From the Terms of Service:

"You must not post, attach or link to any material which is false, defamatory, inaccurate, offensive, abusive, threatening, vulgar, hateful, harassing, obscene, profane, sexually oriented, racist, invasive of a person's privacy, adult material, or otherwise in violation of any International laws and regulations."

That's just part of the rules here. Most of us are adults, but we like to keep this a PG-13 environment.

So anyway...here's my lame joke.

Q. Knock knock.

A. Who's there?

Q. Isadore.

A. Isadore who?

Q. Is a door made of wood? (Bad "Full House" joke from Mr. Woodchuck.)

That show was a bad joke.

I didn't make these up, a friend sent them to me....

What did the drunken hobbit say when he bumped into the wizard?
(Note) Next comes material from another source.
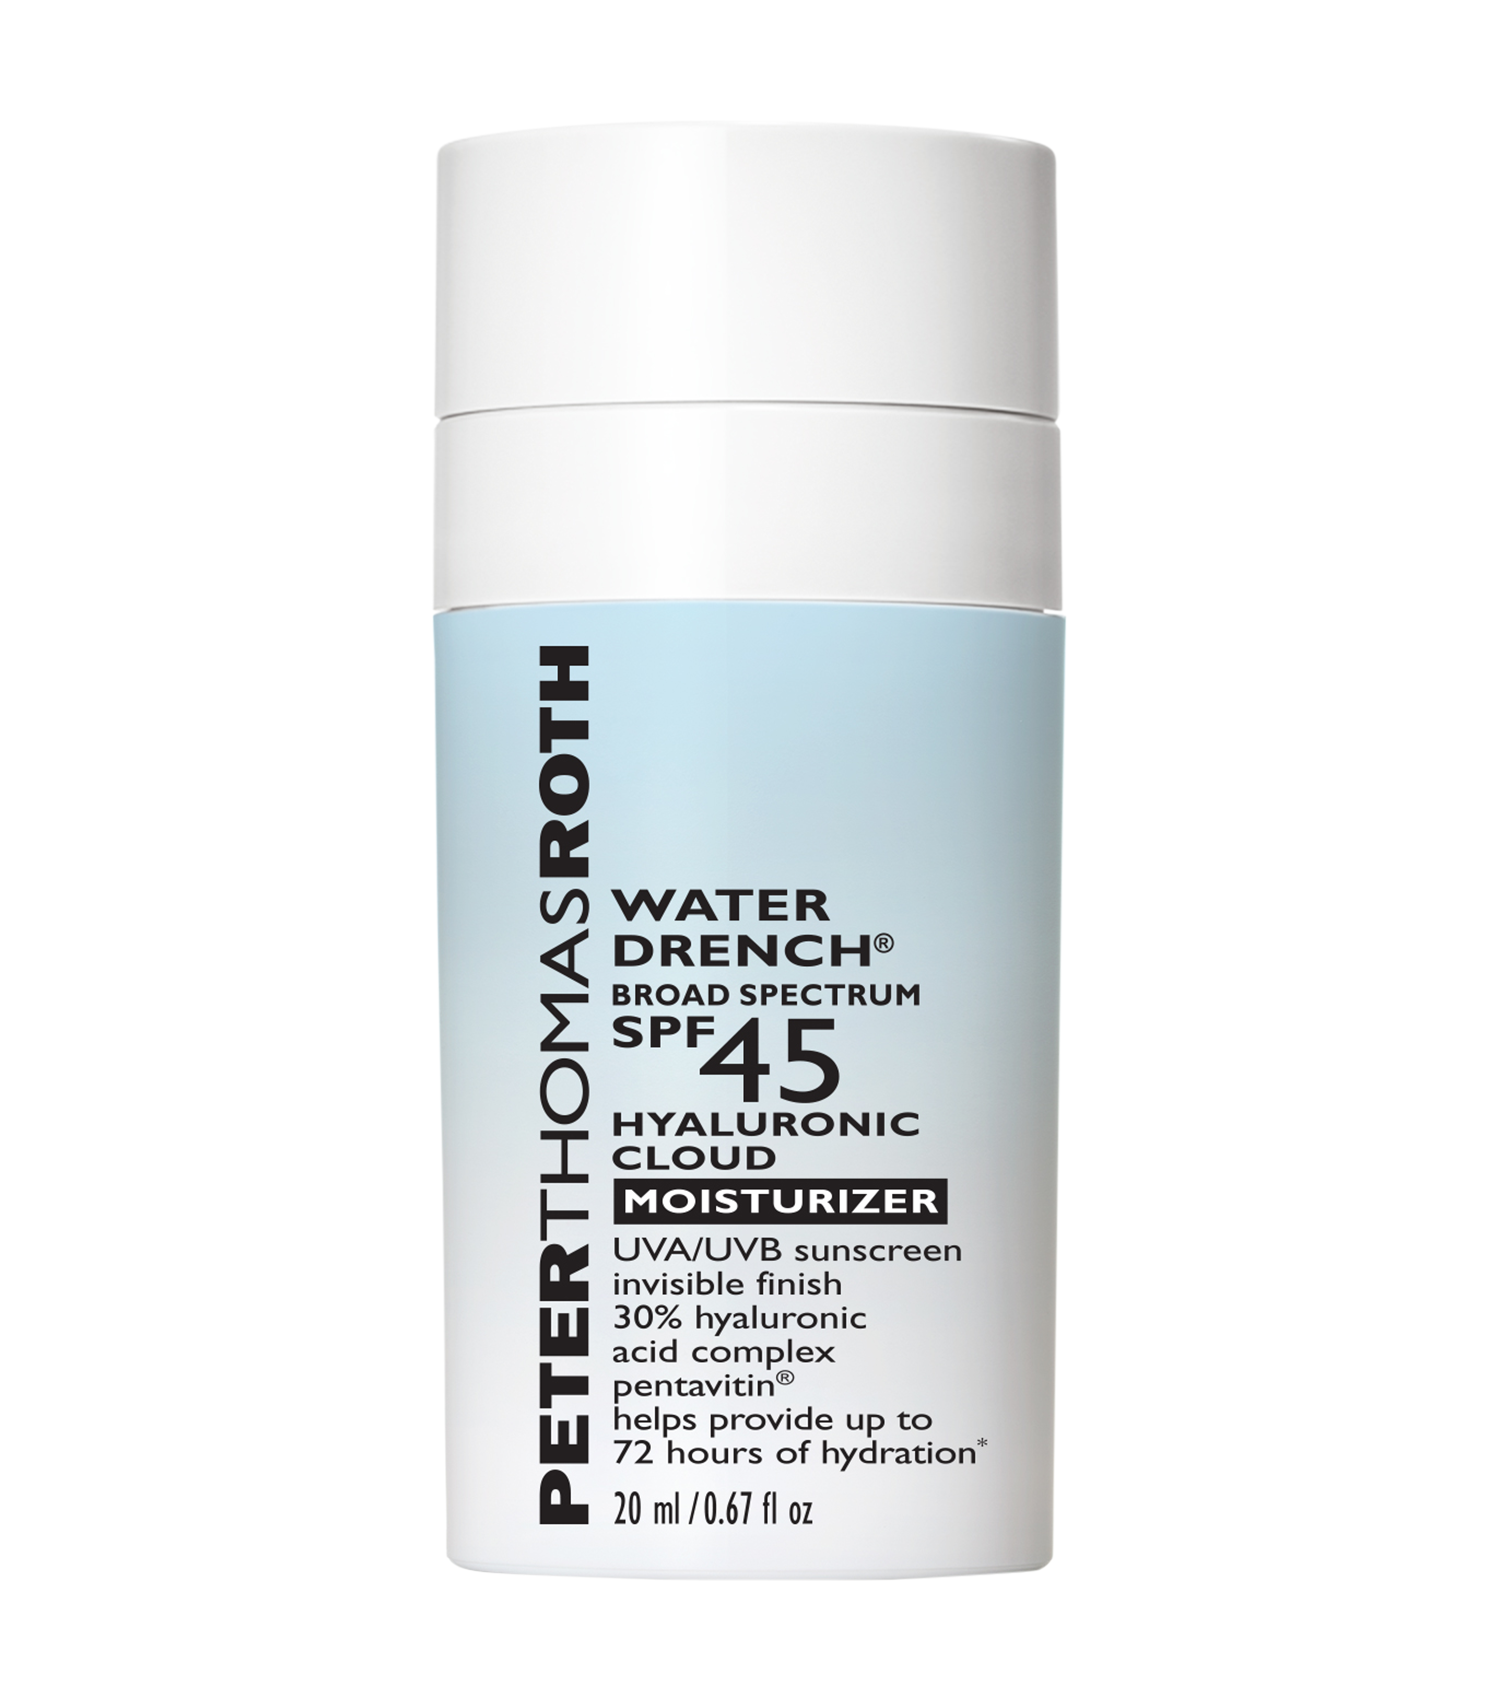 Peter Thomas Roth Travel-Size Water Drench  Broad Spectrum SPF 45 Hyaluronic Cloud Moisturizer
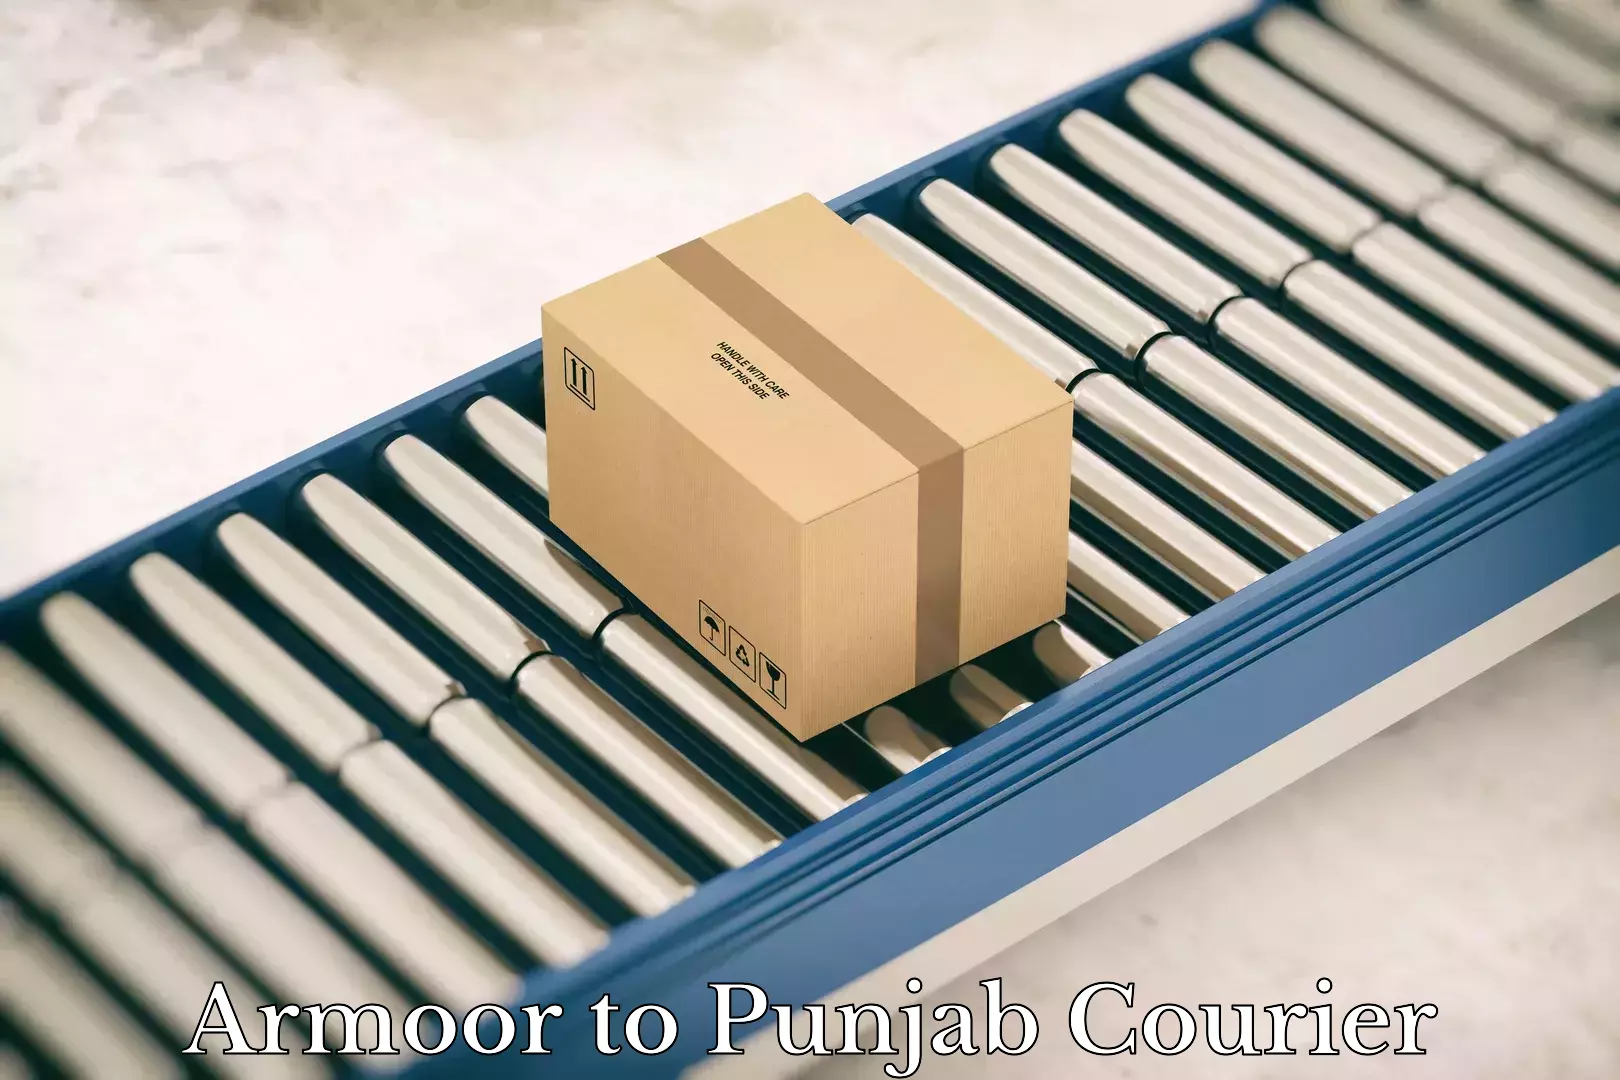 Reliable parcel services Armoor to Punjab

Saruman, I didn’t see you there!

-------------------------------

How many quarters does it take to play the new Lord of the Rings pinball game?

None -- it only takes Tolkiens!

----------------------------

And my Grandmother told me this...

The sign outside of the rehab facility said, "Keep off the grass."

----------------------------------

My mom actually made this one up...

What did the Zen Buddhist say to the hot dog vendor?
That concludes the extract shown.